**PROBLEM STATEMENT**
Output exactly, in the material below, the lines from the one with "Hongrie 1991 - FDC" through the one with "Luke Combs Shares". Omit all pictures.

**SOURCE MATERIAL**
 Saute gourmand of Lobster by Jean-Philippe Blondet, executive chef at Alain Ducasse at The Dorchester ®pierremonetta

==

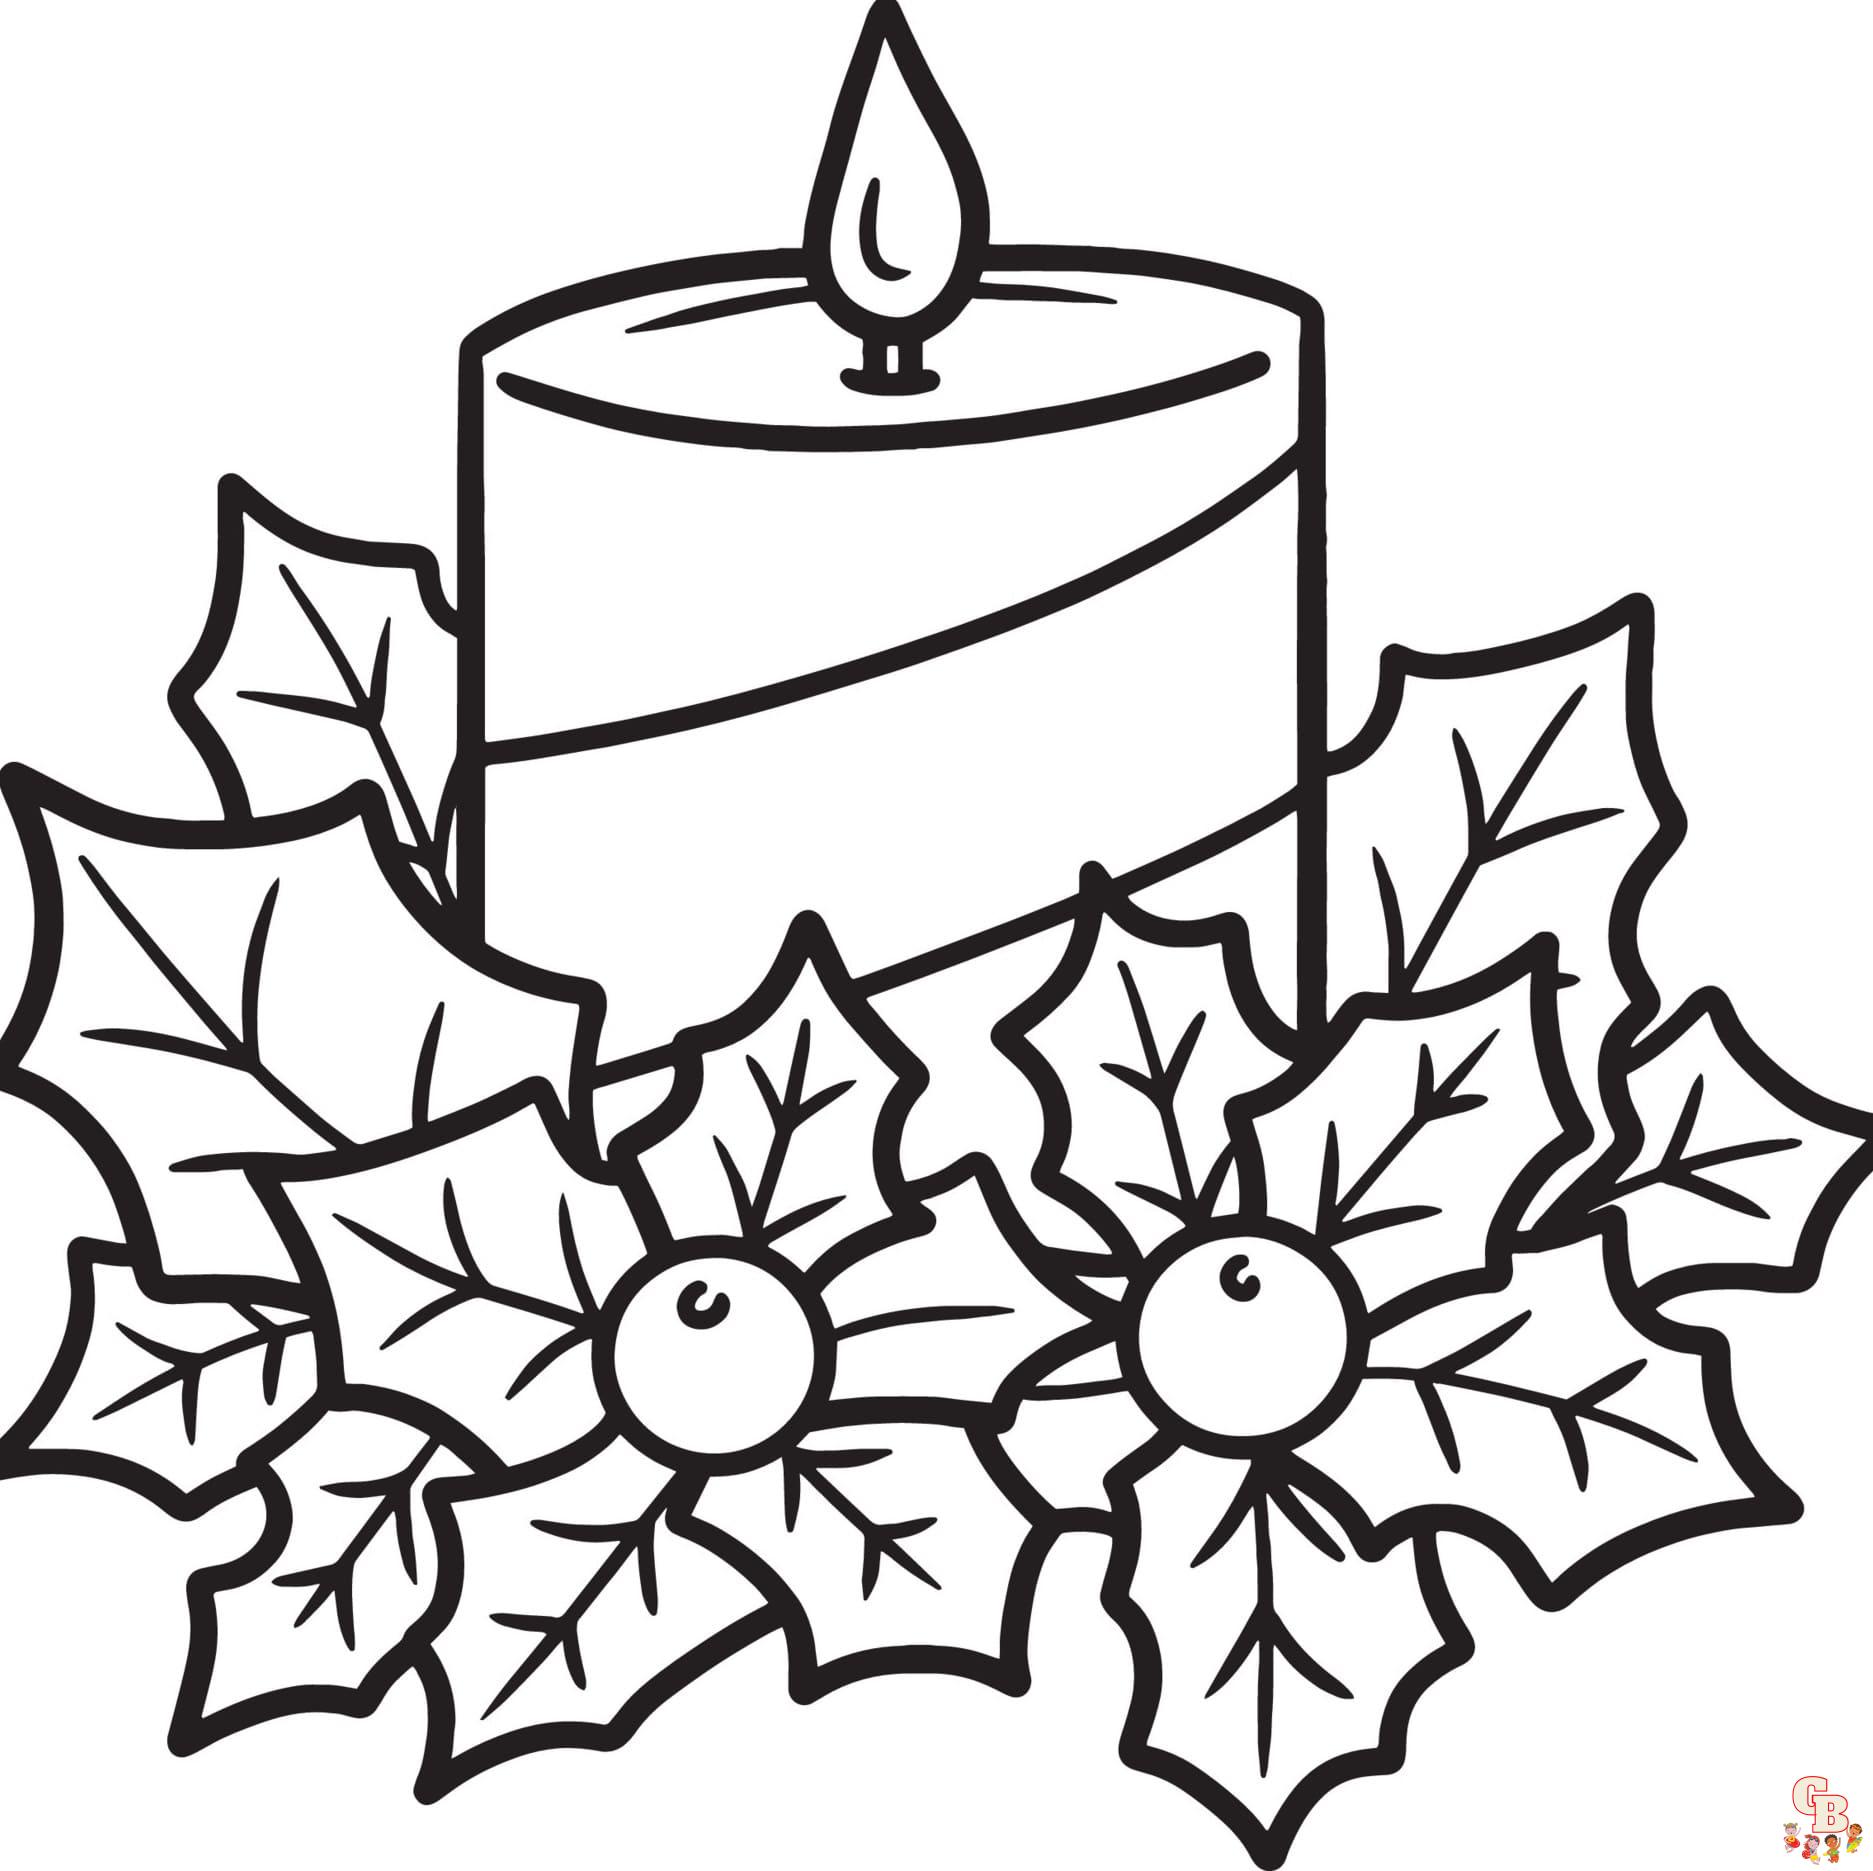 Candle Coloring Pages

==

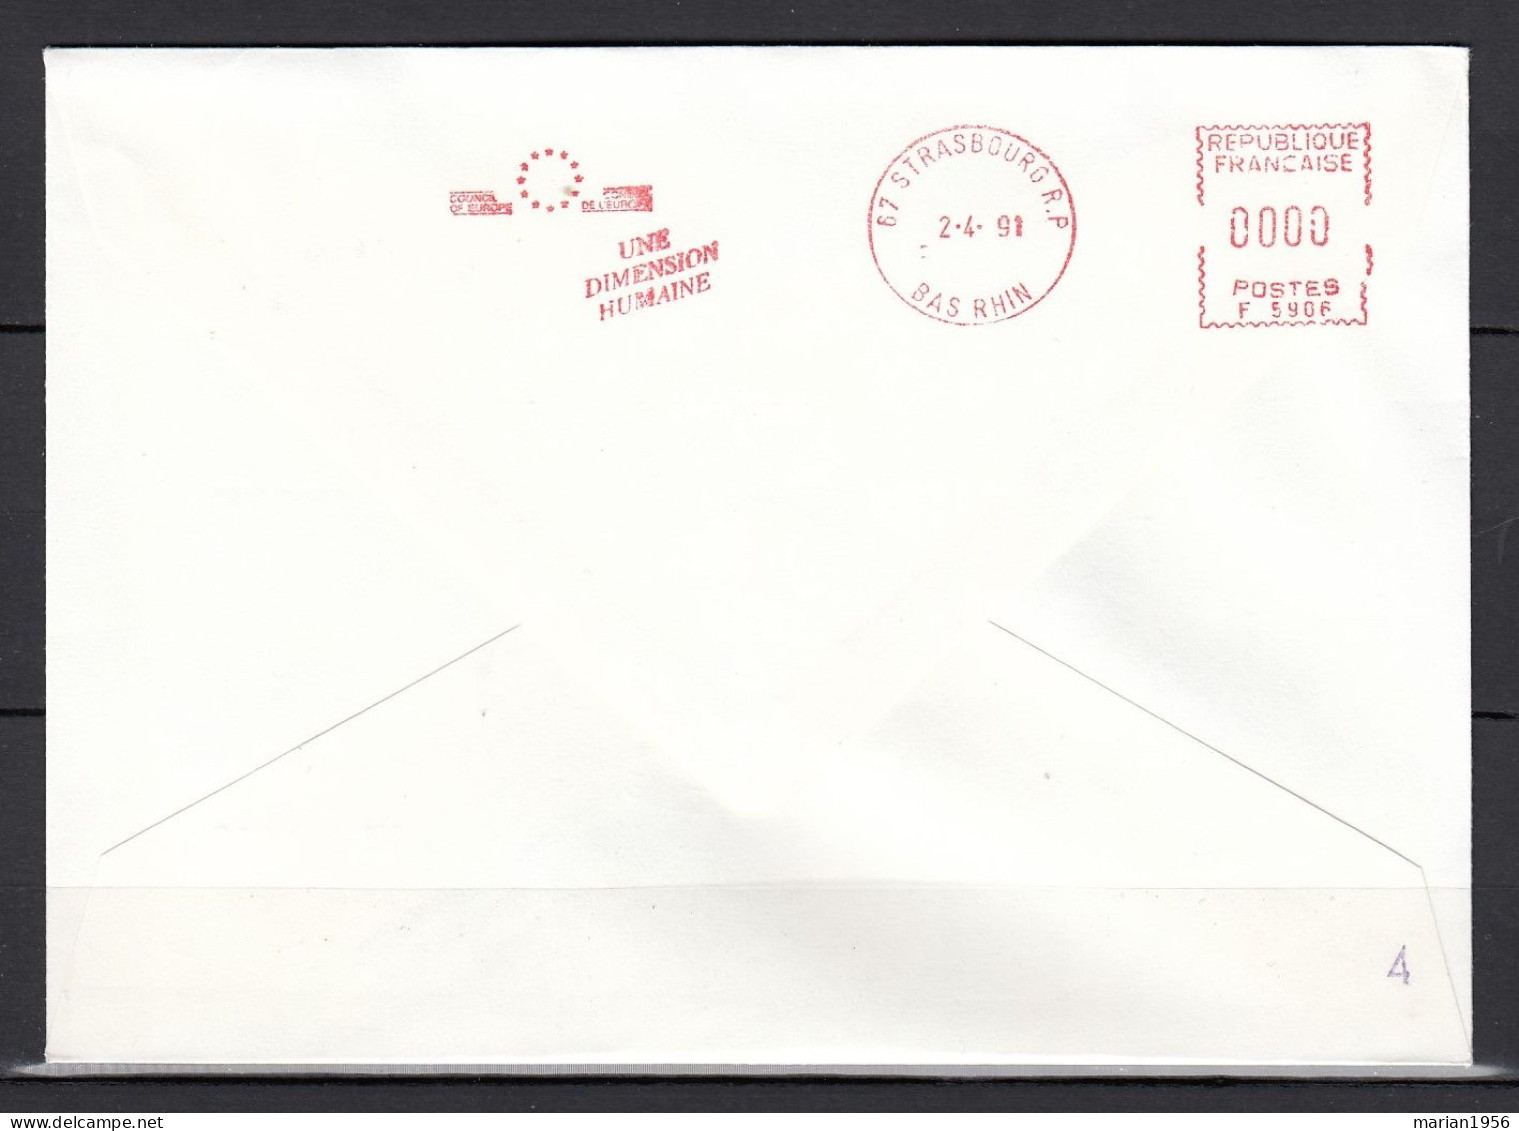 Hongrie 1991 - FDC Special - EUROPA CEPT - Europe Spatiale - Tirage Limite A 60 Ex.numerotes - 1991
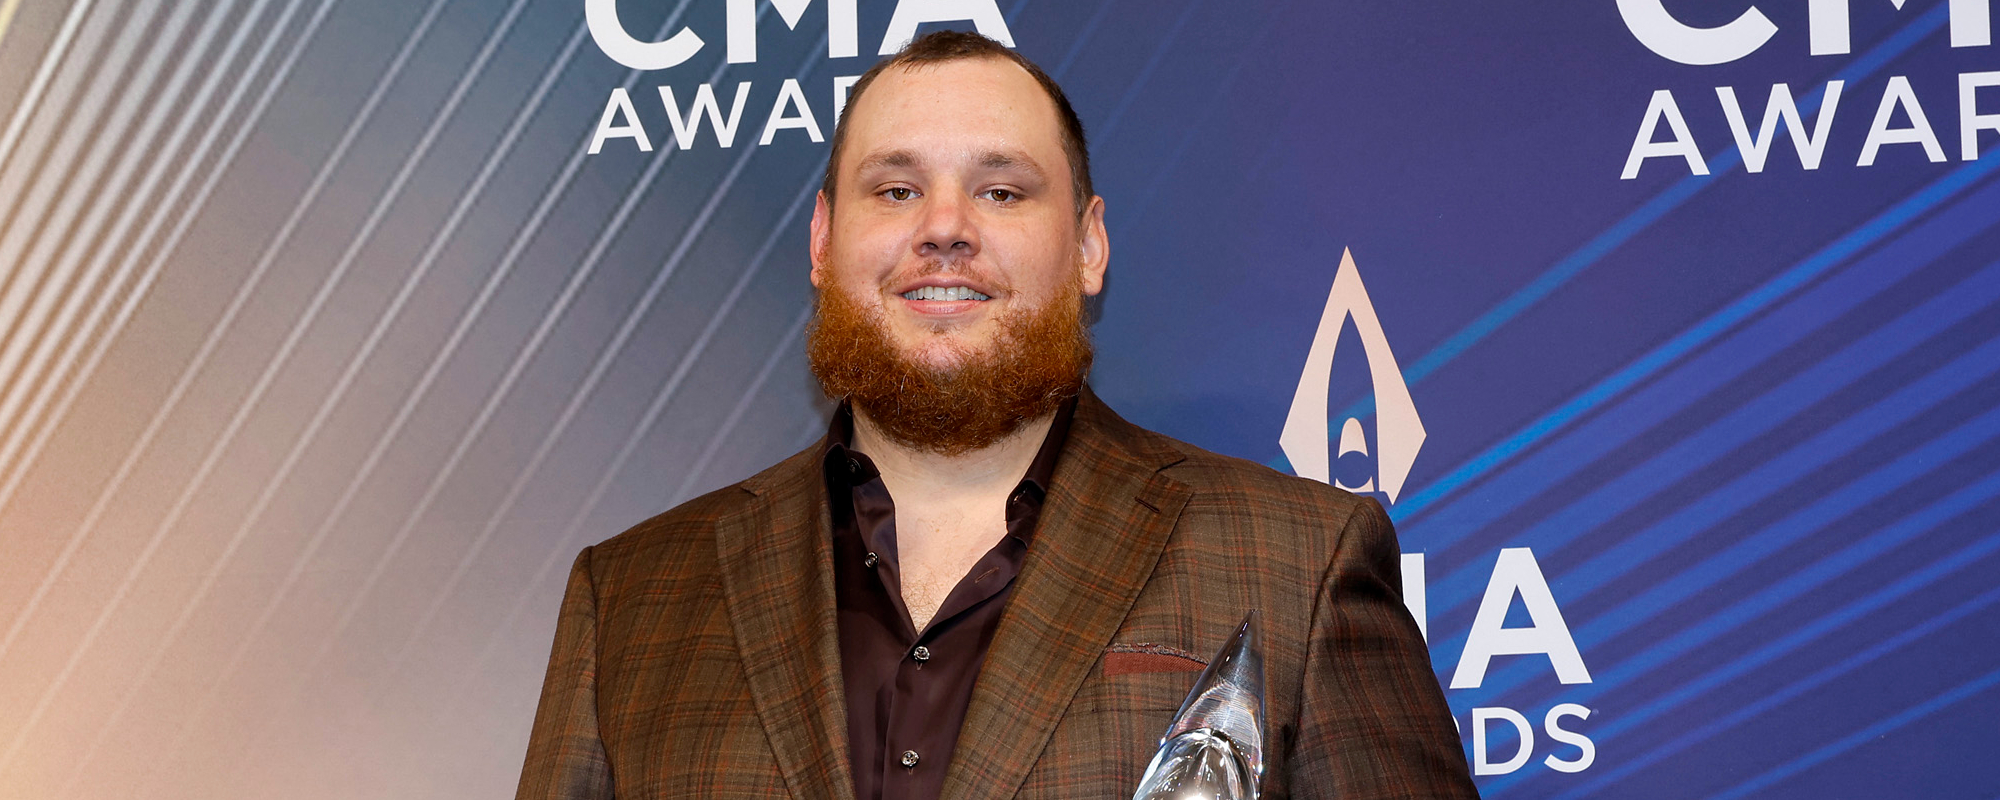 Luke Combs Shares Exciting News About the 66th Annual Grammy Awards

**RESPONSE**
 Hongrie 1991 - FDC Special - EUROPA CEPT - Europe Spatiale - Tirage Limite A 60 Ex.numerotes - 1991
 Luke Combs Shares Exciting News About the 66th Annual Grammy Awards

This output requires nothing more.